In the landmark case of Om Prakash v. State of Jharkhand, the Hon’ble Supreme Court held that the Police only have to arrest the criminal and put them on trial and that it is not their duty to kill someone merely because that person is an undreaded criminal. It further opined that the act of Police personnel killing a criminal and then projecting it as an encounter should be deprecated. The Court termed this act as State-sponsored terrorism.
The Madras High Court in SatyavaniPonrani v.
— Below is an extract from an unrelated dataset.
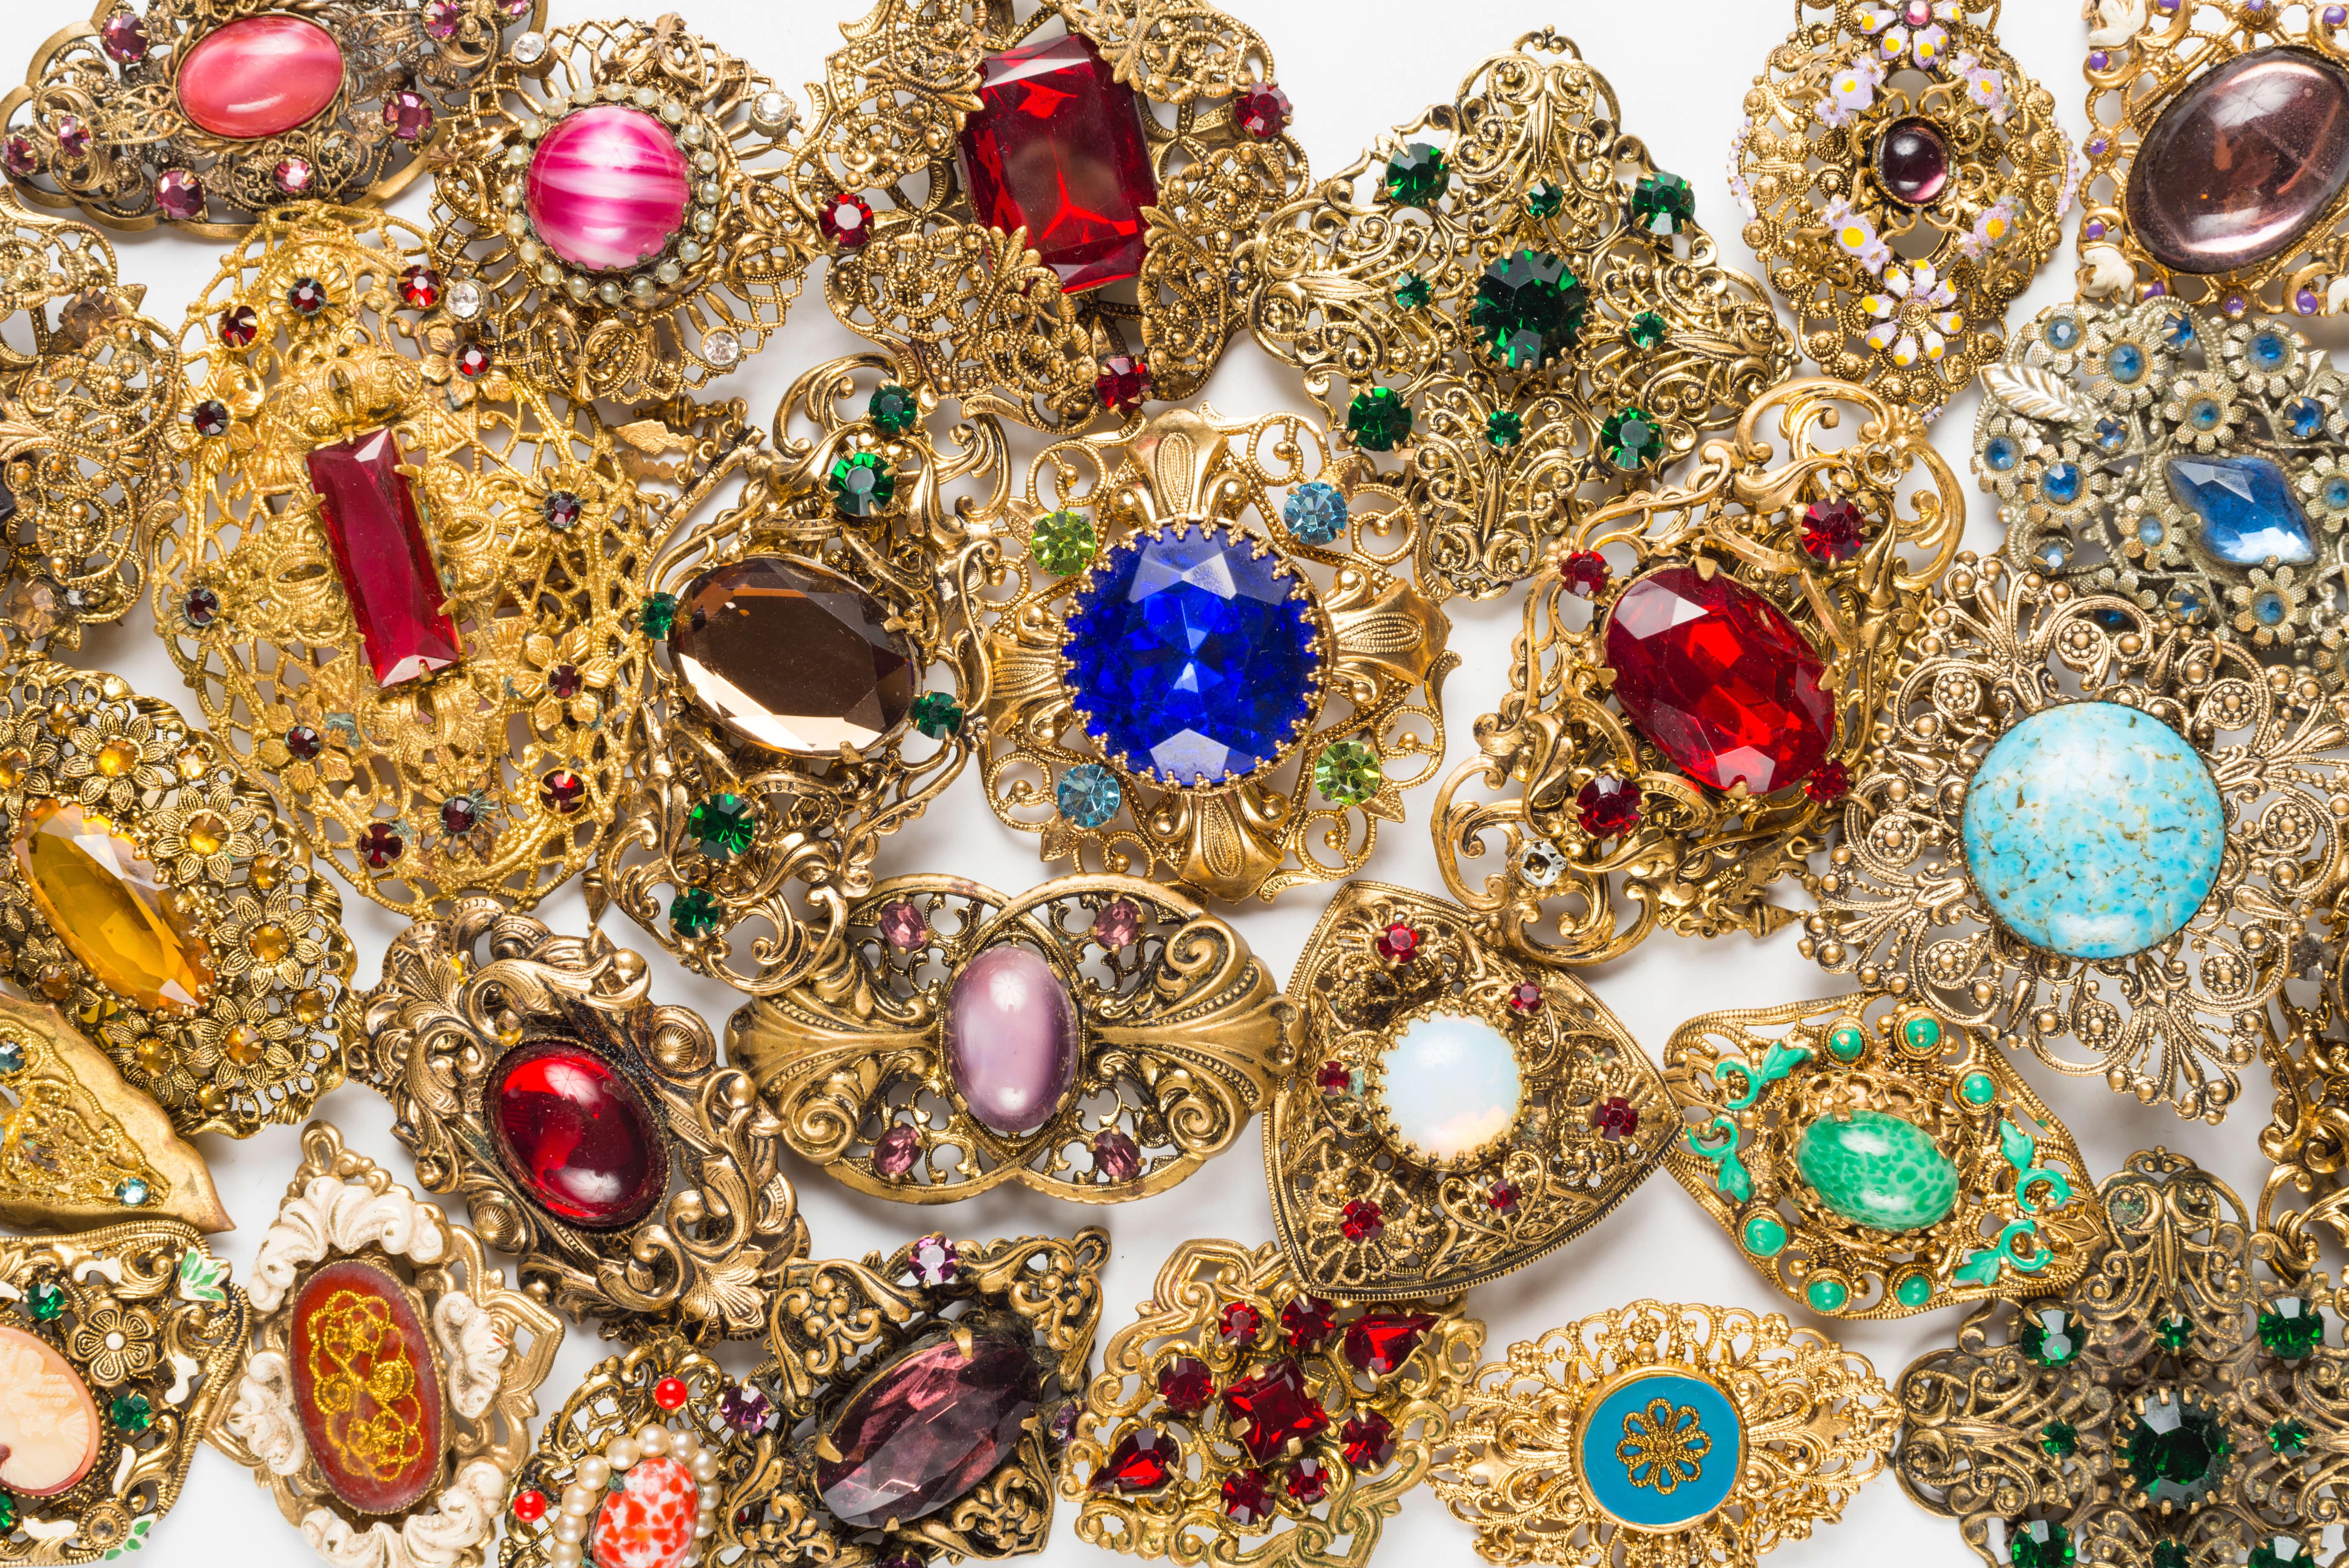 Biżuteria wiktoriańska – era rozkwitu biżuterii w czasie rządów jednej królowej

Samuel Raj held that the state is duty-bound to provide a free and fair investigation and trial to every citizen of the country provided to them by the Constitution of India under Articles 14, 21, and 39-A.
In RameshbhaiChandubhaiRathod v. State of Gujarat, the Hon’ble Supreme Court laid down that for the death penalty to be imposed on an accused the prosecution must prove the crime committed by the accused beyond any reasonable doubt. The accused must also be given a proper chance to refute the claim of the prosecution.
In Prakash Kadam v. RamprasadVishwanath Gupta, the Hon’ble Supreme Court came down heavily on the police for committing murder and then portrayed it as an encounter by pleading that the order was given to them by higher authorities. It further held that if any police personnel is ordered to do a “fake encounter”, he/she must refuse it and failing to refuse would amount to the charge of murder.
The Hon’ble Supreme Court in the case of PUCL v. State of Maharashtra gave guidelines to be followed when an encounter takes place. It observed two scenarios after the encounter has been done, i.e., (1) Injury is the result of an encounter and (2) Death is the result of an encounter. It recommended that the encounter should be reported to the National Human Rights Commission and the State Human Rights Commission without any delay. There should be magisterial inquiry should be conducted in the cases of encounters where death is the result. Further, if any officer is found guilty by the inquiry, they should be suspended immediately, and disciplinary action should be initiated against them.
Fake Encounters in the garb of self-defense have now been normalized to execute instant justice or in some cases personal vendetta. It brings a bad name to a country that follows the principles of natural justice. It is high time that society understands the consequences of this practice and disregards it. The major reason for such encounters is the complicated judicial process which is way too time-consuming. Thus, fast-track courts come in handy when dealing with these types of cases. Guidelines given by the Supreme Court about encounters should be followed to maintain transparency and accountability.
The cops engaged in such encounters must be punished for their inhumane acts and an example should be set so that such acts are not repeated in the future. “1000 culprits can escape, but, one innocent person should not be punished” is what governs our criminal justice system. Thus, attempts should be made in improving the justice system so that police do not have to resort to the method of encounter for providing instant justice as happened in the present case.